I couldn’t find a good title for the question, this is what I’m trying to do:
- This is .NET application.
- I need to store up to 200000 objects (between 3KB-500KB)
- I need to store about 10 of them per second from multiple-threads
- I use binaryserialization before storing it
- I need to access them later on by an integer, unique id
What’s the best way to do this?
- I can’t keep them on memory as I’ll get outofmemory exceptions
- When I store them in the disk as separate files what are the possible performance issues? Would it decrease the overall performance much?
- Shall I implement some sort of caching, for example combine 100 objects and write it once as one file. Then parse them later on. Or something similar?

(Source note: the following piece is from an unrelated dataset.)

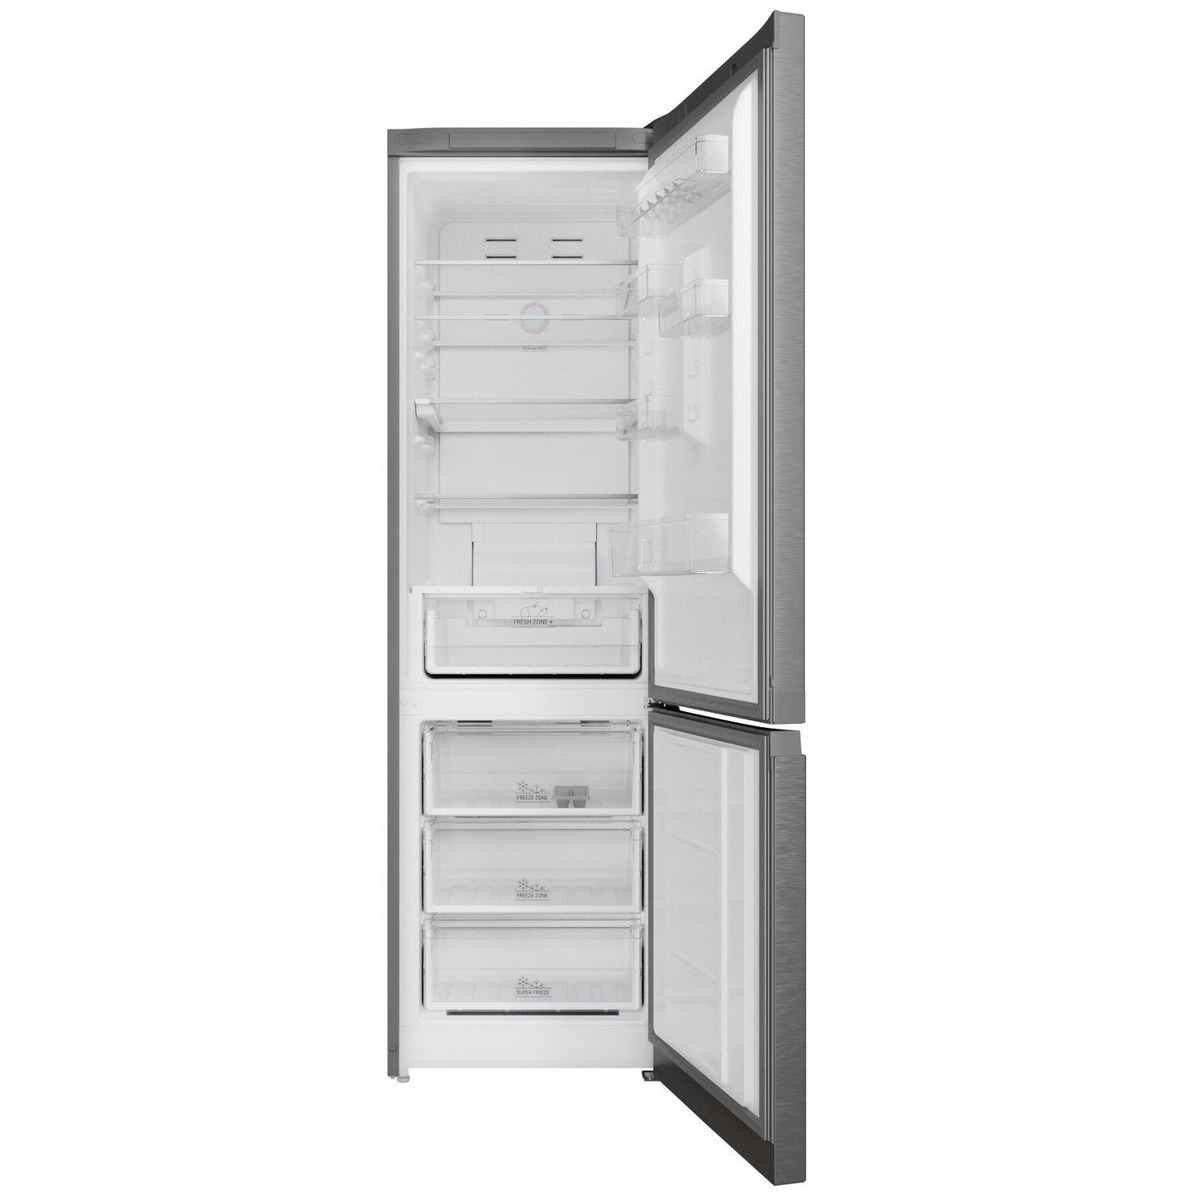 Холодильник Hotpoint HT 7201I MX O3 (Цвет: Inox)
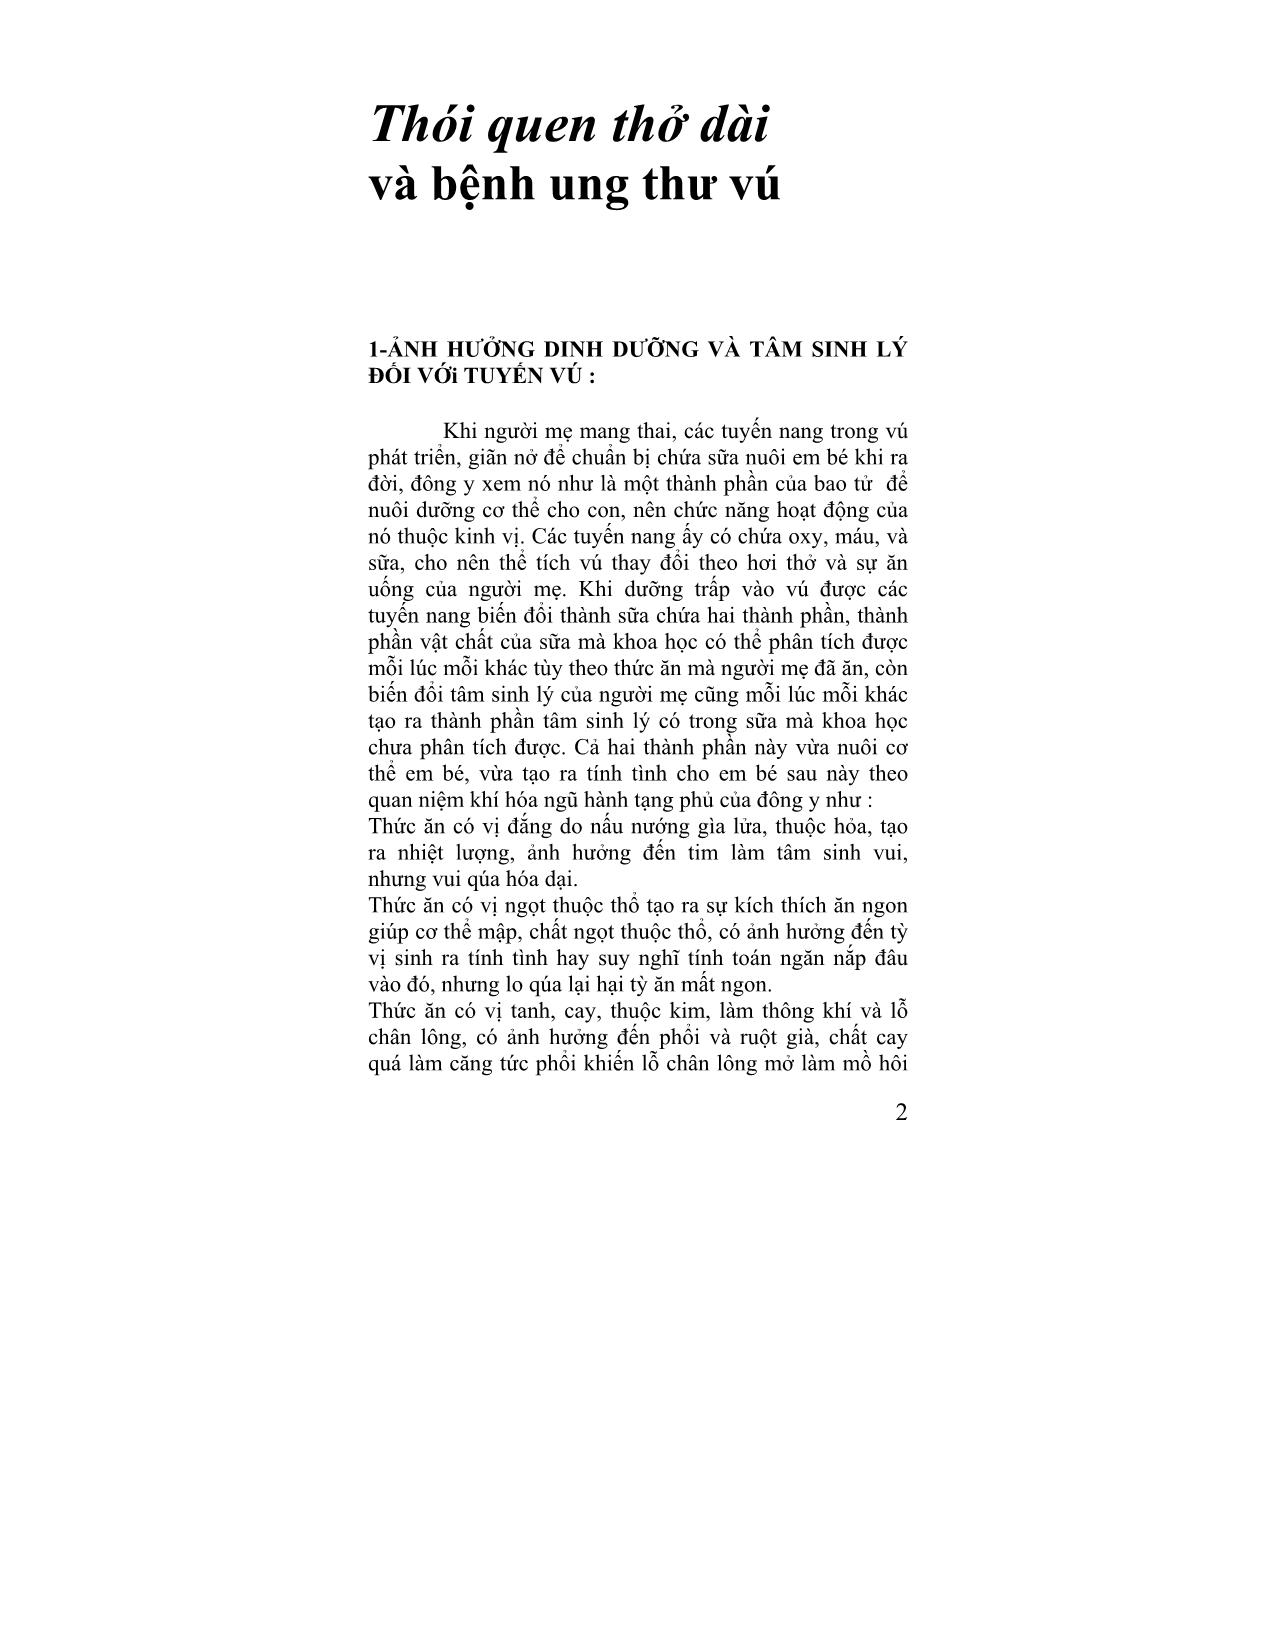 Giáo trình Câu chuyện đông y (Tập 4) trang 2

- Shall use a database? (access time is not important, there won’t be search and I’ll access only couple of times by the known unique id). In theory I don’t need a database, I don’t want to complicate this.
UPDATE:
- I assume database would be slower than file system, prove me wrong if you got something about that. So that’s why I’m also leaning towards to file system. But what I’m truly worried is about writing 200KB*10 per second to HDD (this can be any HDD, I don’t control hardware, it’s a desktop tool which will be deployed in different systems).
- If I use file system I’ll store files in separate folders to avoid file-system related issues (so you can ignore that limitation)
If you want to avoid using a database, you can store them as files on disk (to keep things simple). But you need to be aware of filesystem considerations when maintaining a large number of files in a single directory.
A lot of common filesystems maintain their files per directory in some kind of sequential list (e.g., simply storing file pointers or inodes one after the other, or in linked lists.) This makes opening files that are located in the bottom of the list really slow.
A good solution is to limit your directory to a small number of nodes (say n = 1000), and create a tree of files under the directory.
So instead of storing files as:
/dir/file1 /dir/file2 /dir/file3 … /dir/fileN
Store them as:
/dir/r1/s2/file1 /dir/r1/s2/file2 … /dir/rM/sN/fileP
By splitting up your files this way, you improve access time significantly across most file systems.
(Note that there are some new filesystems that represent nodes in trees or other forms of indexing. This technique will work as well on those too.)
Other considerations are tuning your filesystem (block sizes, partitioning etc.) and your buffer cache such that you get good locality of data. Depending on your OS and filesystem, there are many ways to do this – you’ll probably need to look them up.
Alternatively, if this doesn’t cut it, you can use some kind of embedded database like SQLlite or Firebird.
HTH.